Registration Statement No. 333-269450, registering (i) Shares, senior debt securities, subordinated debt securities, warrants and units, up to a maximum aggregate offering price of $350,000,000 and (ii) Shares that may be issued and sold from time to time under an Open Market Sale Agreement between the Registrant and Jeffries LLC up to a maximum aggregate offering price of $125,000,000, filed with the SEC on January 27, 2023 and declared effective by the SEC on February 24, 2023.

On May 21, 2023, the Registrant and Ironwood Pharmaceuticals, Inc., a Delaware corporation (“Ironwood”), entered into a Transaction Agreement (the “Transaction Agreement”). Pursuant to the Transaction Agreement, and upon the terms and subject to the conditions set forth therein, Ironwood completed a cash tender offer (the “Offer”). The Offer and any withdrawal rights in connection therewith expired one minute after 11:59 P.M., Eastern Time, on June 28, 2023, at which point 59,287,753 Shares had been validly tendered and not validly withdrawn pursuant to the Offer, representing approximately 94.40% of the Shares outstanding (not including 2,007,310 Shares delivered pursuant to guaranteed delivery procedures, representing approximately 3.20% of the Shares outstanding). The number of Shares validly tendered and not validly withdrawn pursuant to the Offer satisfied the Minimum Condition (as defined in the Transaction Agreement). As all conditions to the Offer had been satisfied or waived, Ironwood accepted for payment and promptly paid for all Shares that were validly tendered and not validly withdrawn in accordance with the terms of the Offer.

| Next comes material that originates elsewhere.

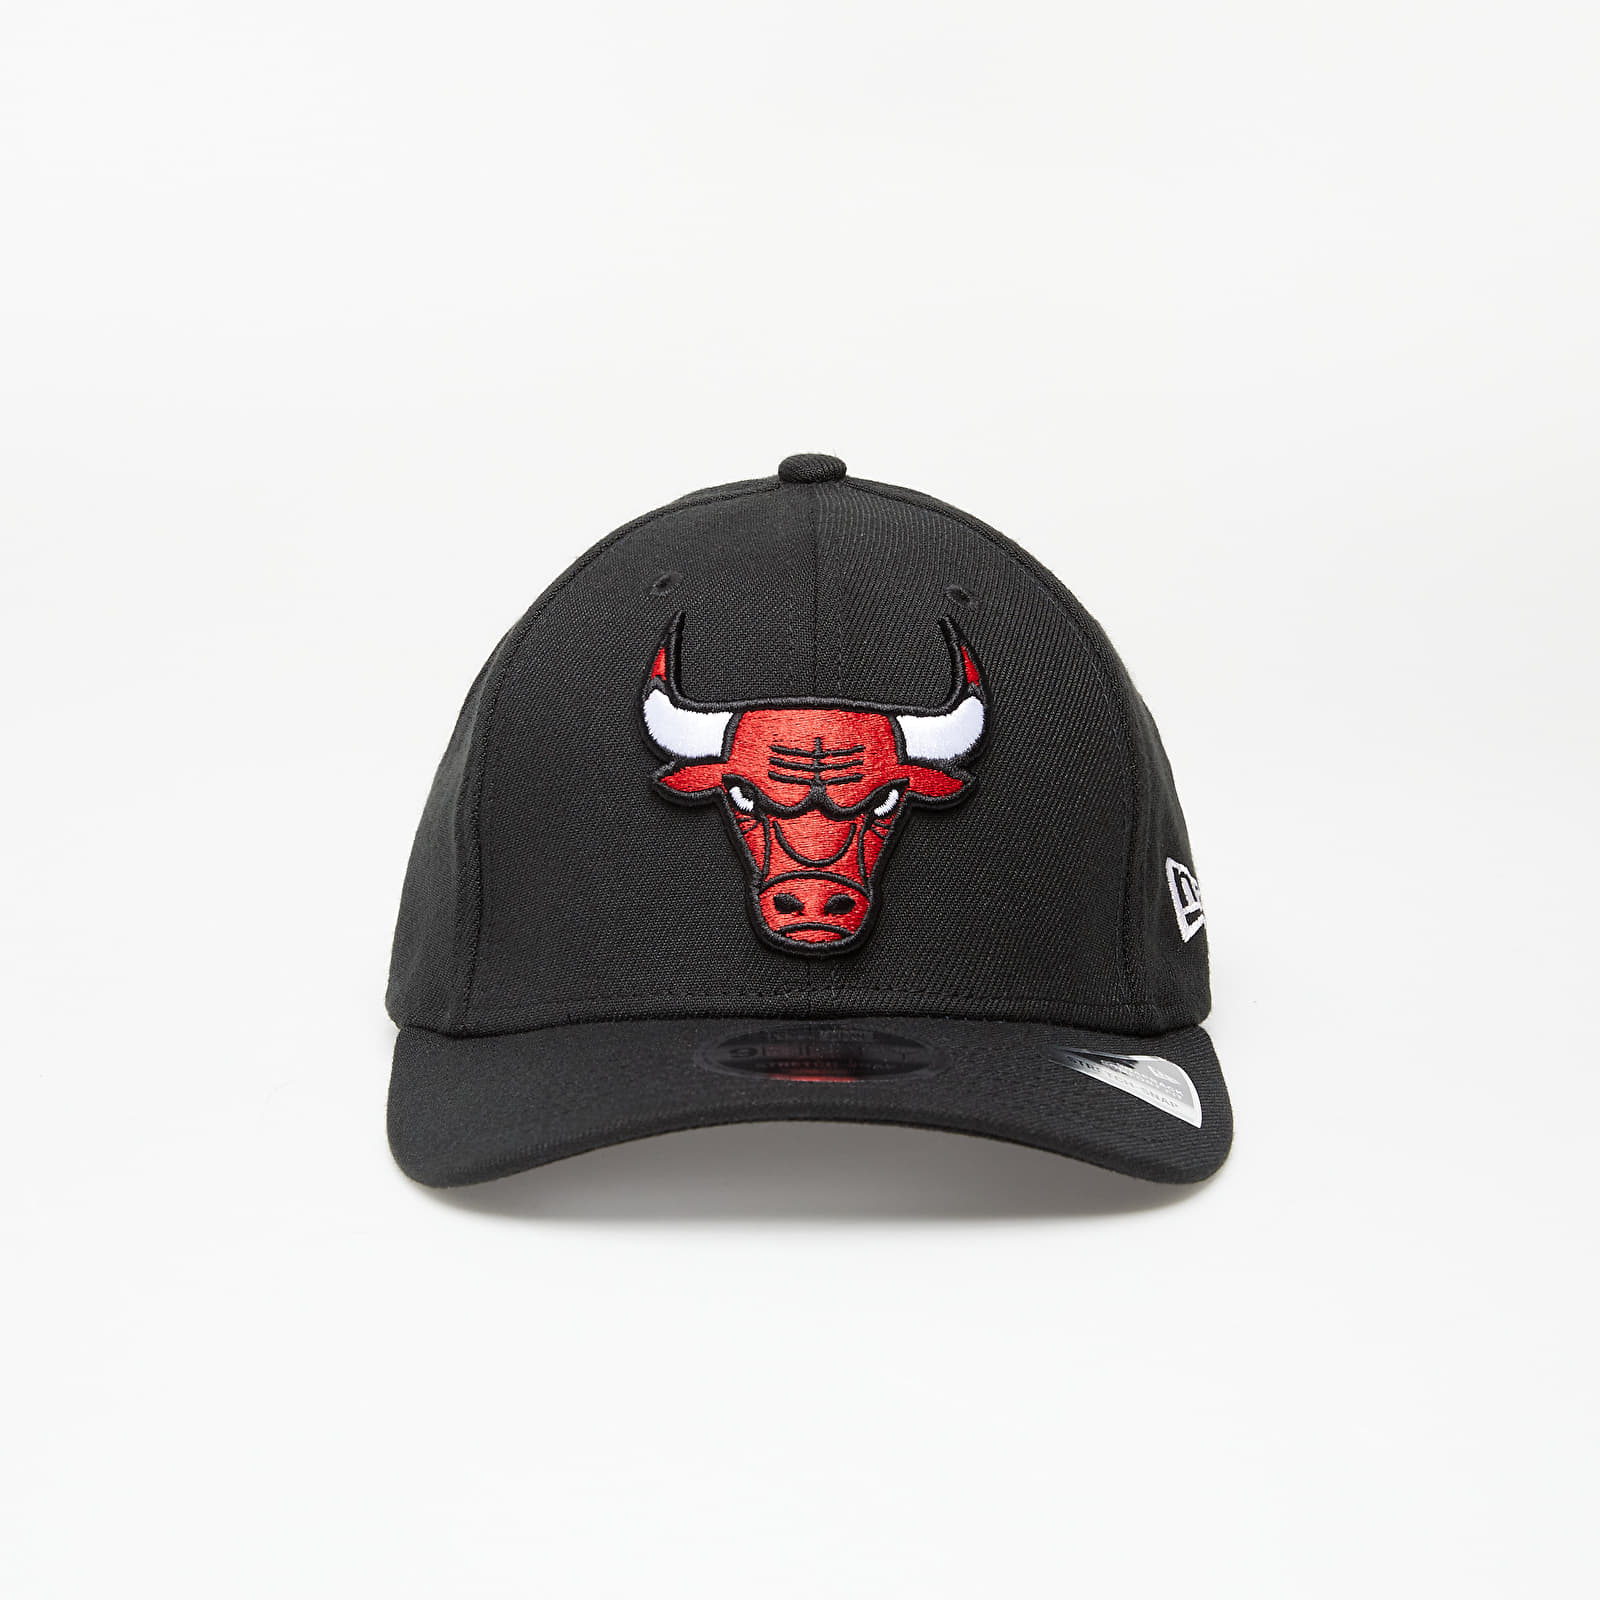 Caps New Era Cap 9Fifty Nba Stretch Snap Chicago Bulls Blackotc

As a result of the completion of the Offer, the Registrant has terminated any and all offerings of its securities pursuant to the Registration Statements. In accordance with the undertakings made by the Registrant in the Registration Statements to remove from registration, by means of post-effective amendments, any securities that had been registered for issuance that remain unsold at the termination of the offering, by filing these Post-Effective Amendments, the Registrant hereby removes from registration all securities registered but unsold under the Registration Statements, if any, as of the date hereof.


SIGNATURE

Pursuant to the requirements of the Securities Act of 1933, as amended, the Registrant certifies that it has reasonable grounds to believe that it meets all of the requirements for filing on Form F-3 and has duly caused these Post-Effective Amendments to be signed on its behalf by the undersigned, thereunto duly authorized, in the City of Boston, Commonwealth of Massachusetts, on July 20, 2023.

 

VECTIVBIO HOLDING AG
By:  

/s/ Sravan K. Emany

Name:   Sravan K. Emany
Title:   Authorized Representative

Pursuant to Rule 478 under the Securities Act of 1933, as amended, no other person is required to sign these Post-Effective Amendments.